Create IAM entities for ADCs created by Citrix Application Delivery and Management:

Create an IAM role with a IAM policy that provides permissions for an ADC to perform operations on your AWS account. This role is attached to ADC instances that will be created by Citrix Application Delivery and Management thereby enabling ADCs to access your account.

  1. In AWS, click Services. In the left side navigation pane, select IAM > Roles, and click Create role.

Similarly, create a profile for the Citrix ADC instances by providing a different name starting with “Citrix-ADC-“.

Ensure that you select AWS service > EC2,

  1. In Attach permissions policies page, click Create policy.

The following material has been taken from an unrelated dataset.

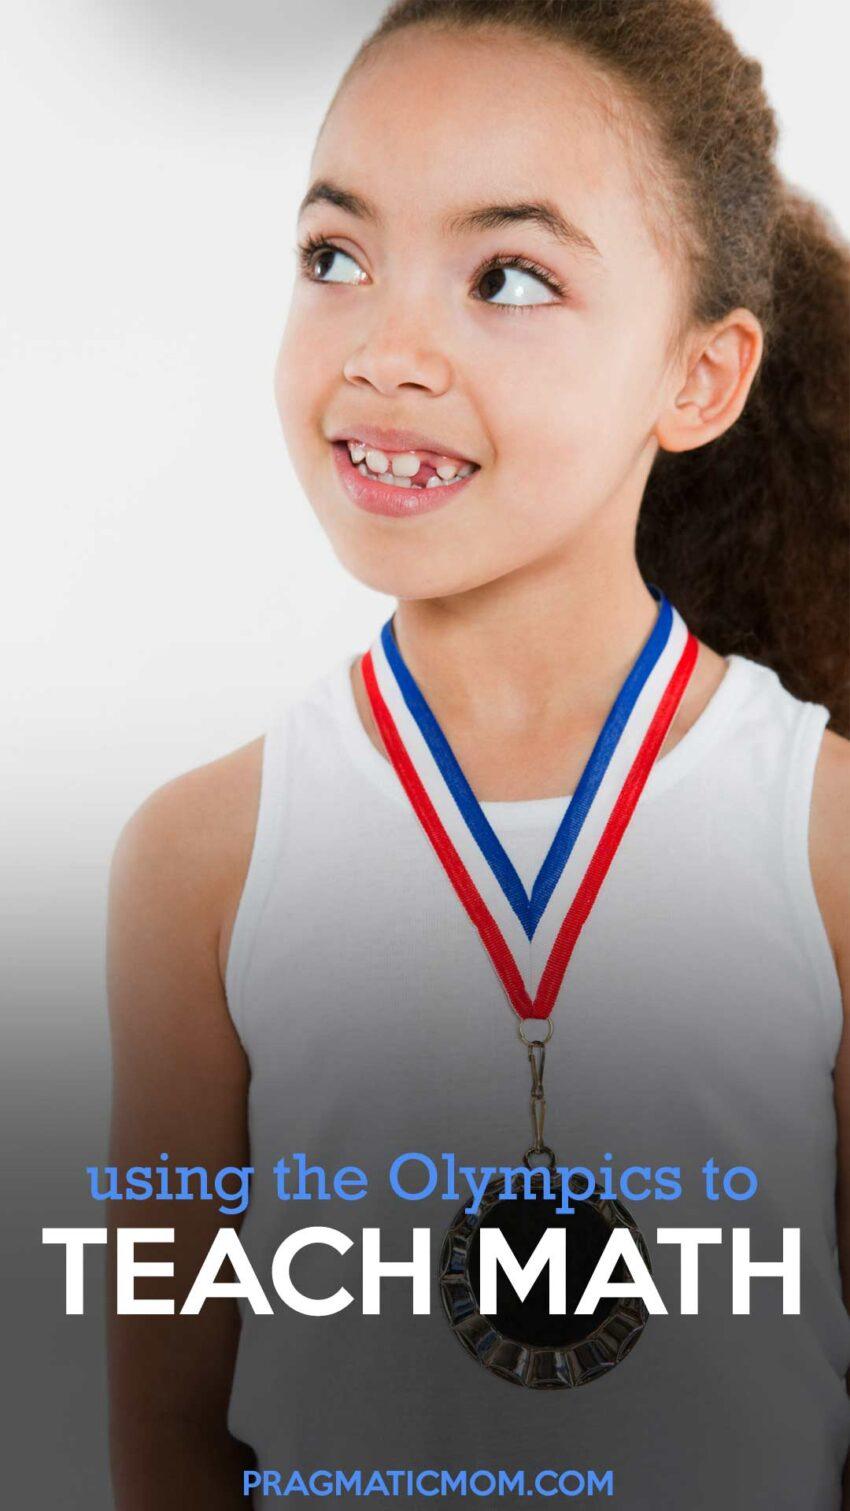 Using Olympics to Teach Math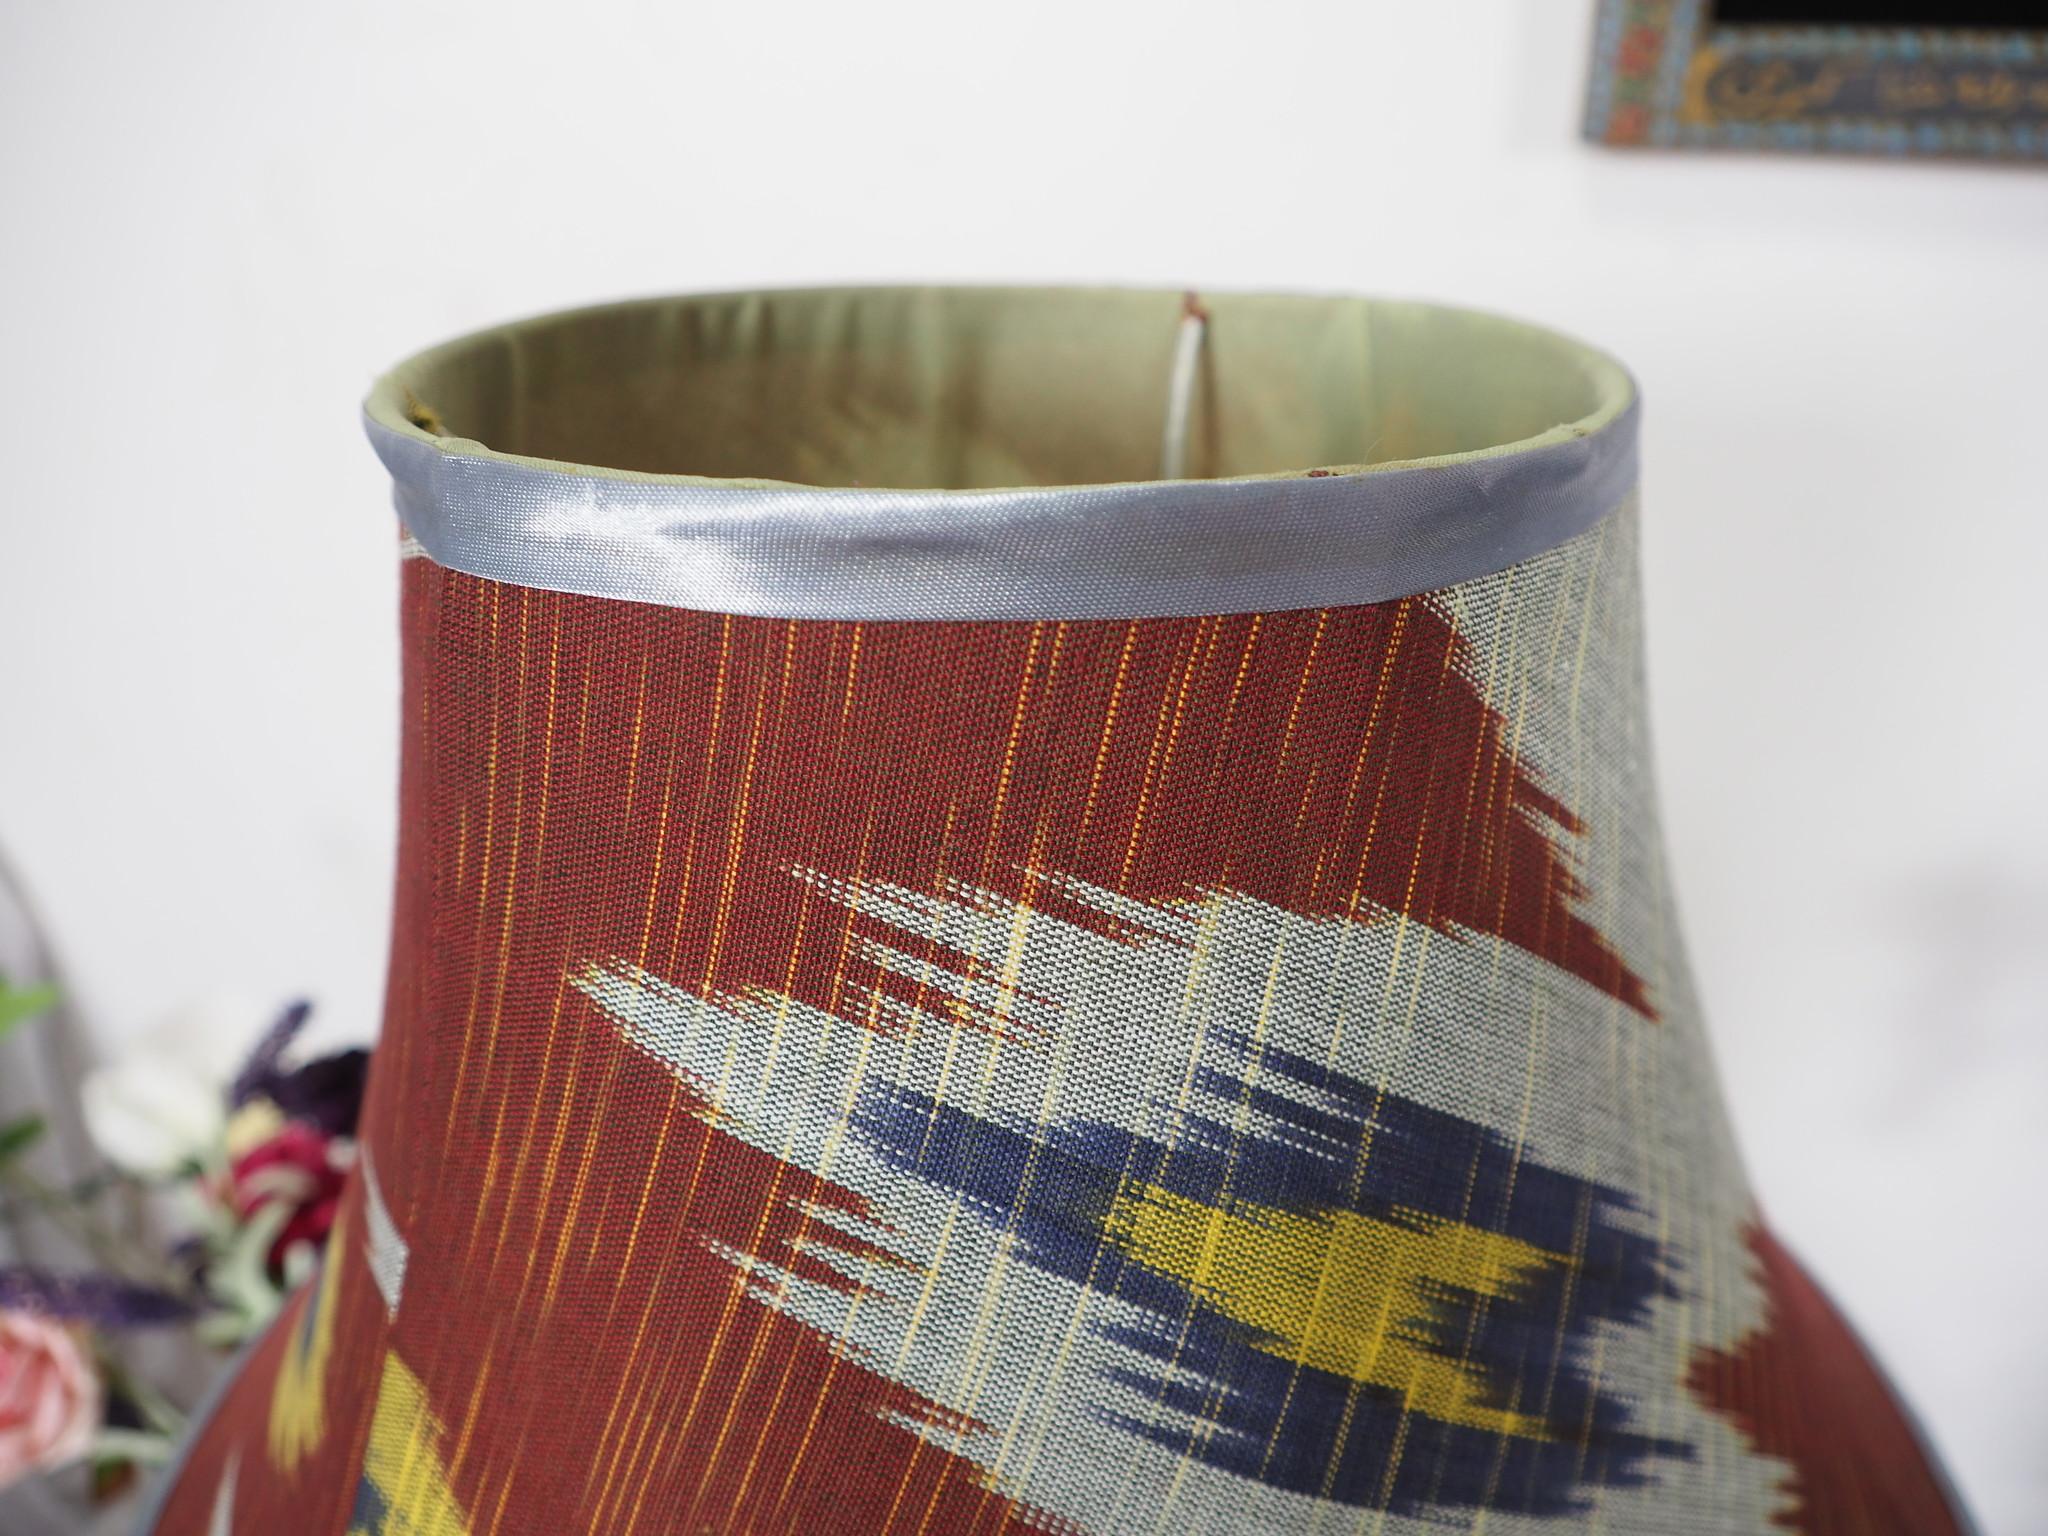 extravagant orient Uzbek Ikat stoff Schirm Lampenschirm Leuchtenschirm lampshade Nr:F

  2. You can create and edit a policy in the visual editor or by using JSON.

Create role

The list of permissions from Citrix for Citrix ADC instances is provided in the following box:

{
  "Version": "2012-10-17",
  "Statement": [
    {
      "Sid": "VisualEditor0",
      "Effect": "Allow",
      "Action": [
        "iam:GetRole",
        "iam:SimulatePrincipalPolicy",
        "autoscaling:*",
        "sns:*",
        "sqs:*",
        "cloudwatch:*",
        "ec2:AssignPrivateIpAddresses",
        "ec2:DescribeInstances",
        "ec2:DescribeNetworkInterfaces",
        "ec2:DetachNetworkInterface",
        "ec2:AttachNetworkInterface",
        "ec2:StartInstances",
        "ec2:StopInstances"
      ],
      "Resource": "*"
    }
  ]
}
<!--NeedCopy-->

Register the DNS domain

Ensure that you have registered the DNS domain for hosting your applications.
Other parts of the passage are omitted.